ALBALUX made in Italy is vegetable tanned leather
The process starts when the animal is slaughtered at a slaughterhouse. The meat is taken away for processing, and the hides are quickly salted. If you don’t salt the hide and keep it moist, it will start to rot, and once it starts rotting, it is over. The rotting destroys the grain, which is arguably the most important part of leather. There is no way to reverse that kind of damage, and very little can be salvaged into good leather. When the preserved hides arrive at the tannery, they are placed in a beam-house. The beam-house is the storage facility for the green hides.

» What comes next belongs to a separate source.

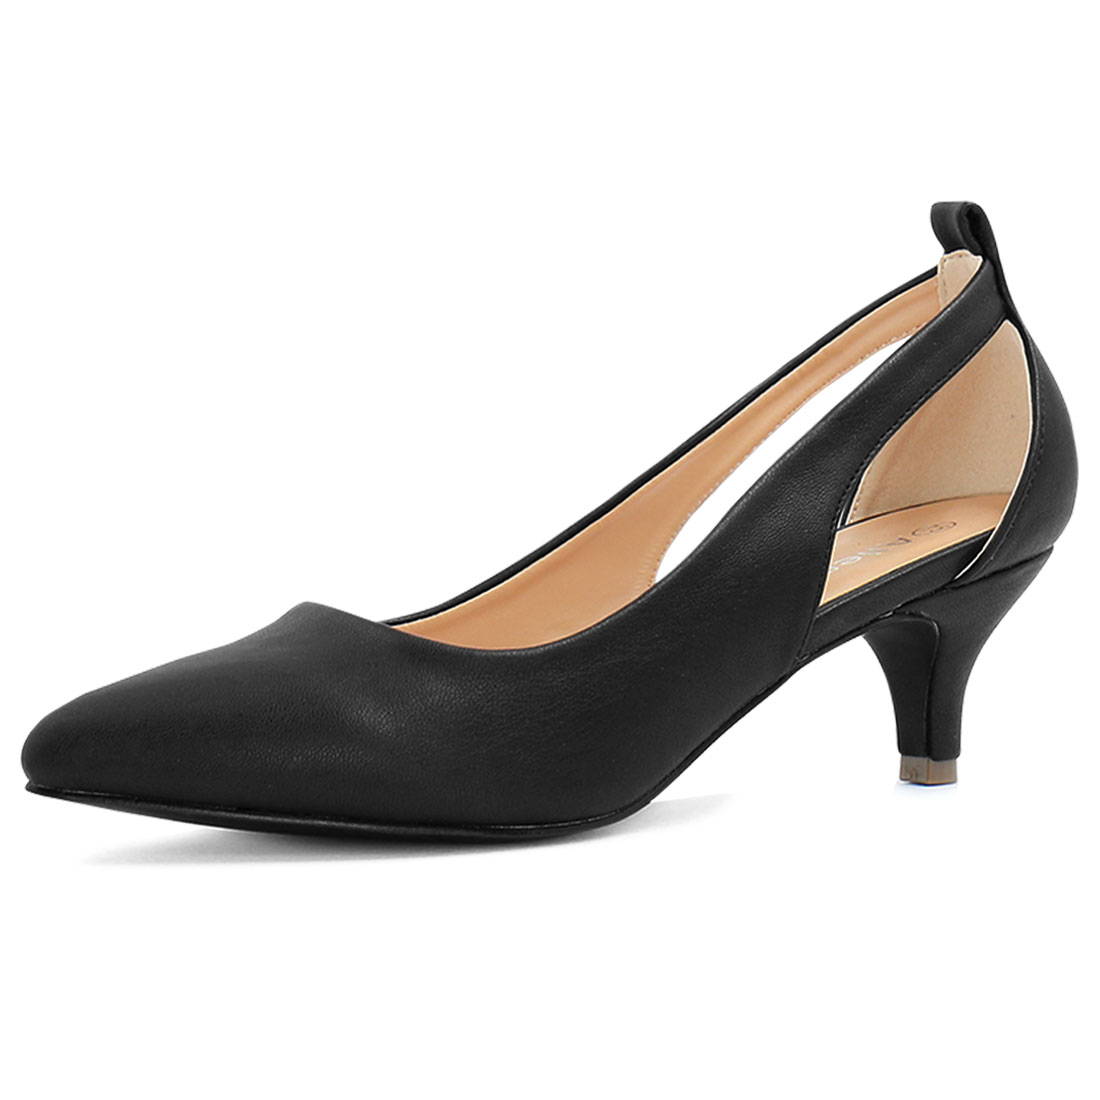 Allegra K Women's Cutout Sides Pointed Toe Kitten Heel Pumps Black US 9.5

From there the hides are put in a liming pit, which is exactly what it sounds like. It is a pit, or in modern times a drum, full of lime, and we aren’t talking about the fruit. Lime is a very potent chemical, and burns the hair off the hides. In the old days, the tanneries were built on a river so they could dump the old used up lime into the river. Eventually the rivers were so full of lime, that the government shut down the majority of the tanneries in the United States.
Very few remain to this day. The rest of the tanning process is pretty straightforward. The hides are pickled, put in another drum of tannin(the tree bark extract) to be tanned, pressed, sorted, and dyed.

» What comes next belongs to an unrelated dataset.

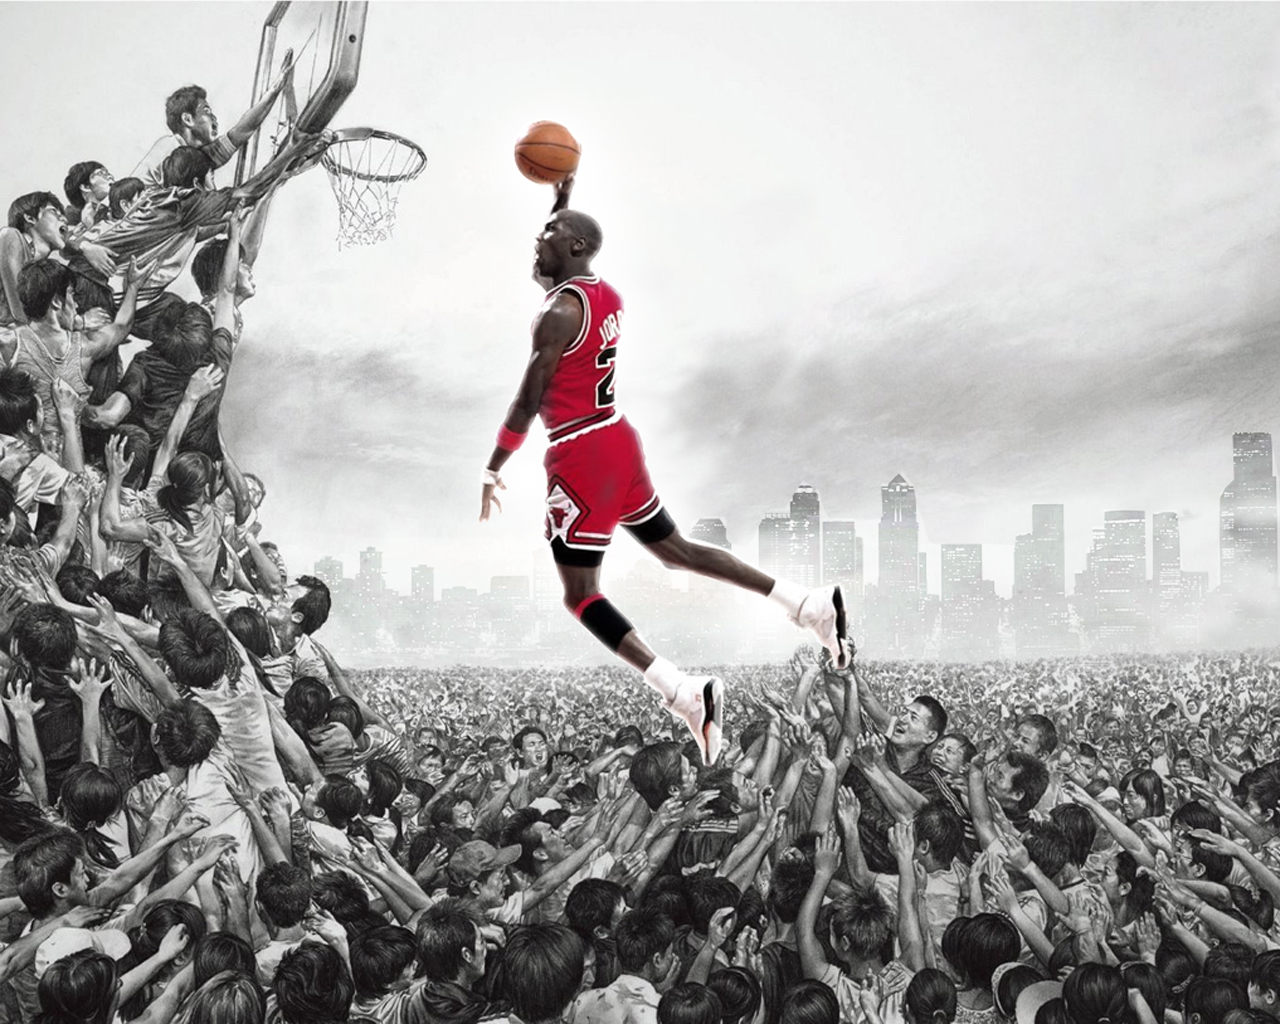 Michael-Jordan-wallpaper.jpg Hd Wallpapers Michael Jordan 1280x1024

Based on the craftsmanship and careful use of traditional techniques developed over centuries, the vegetable tanning process results in leather with a distinct appearance and unmatched durability. One of the best features of vegetable-tanned leather is that it develops a patina over time with prolonged use and exposure to the environment.
Vegetable-tanned leather also has a distinctively sweet, woody fragrance that is normally associated with leather. Each piece made with this leather has unique shades and nuances, which are a mark of genuineness. The lack of consistency in color and tone is not a defect. Instead, it’s a characteristic of natural tanning processes.
Products made from vegetable tanned leather include saddles, holsters, belts, wallets, bags, shoes and purses. Usually this kind of leather is stiff in the beginning but gets more supple with time and use. Vegetable-tanned leather is more expensive than chrome leather due to the longer manufacturing times and artisanal nature of the tanning process. It’s usually used for high-end products.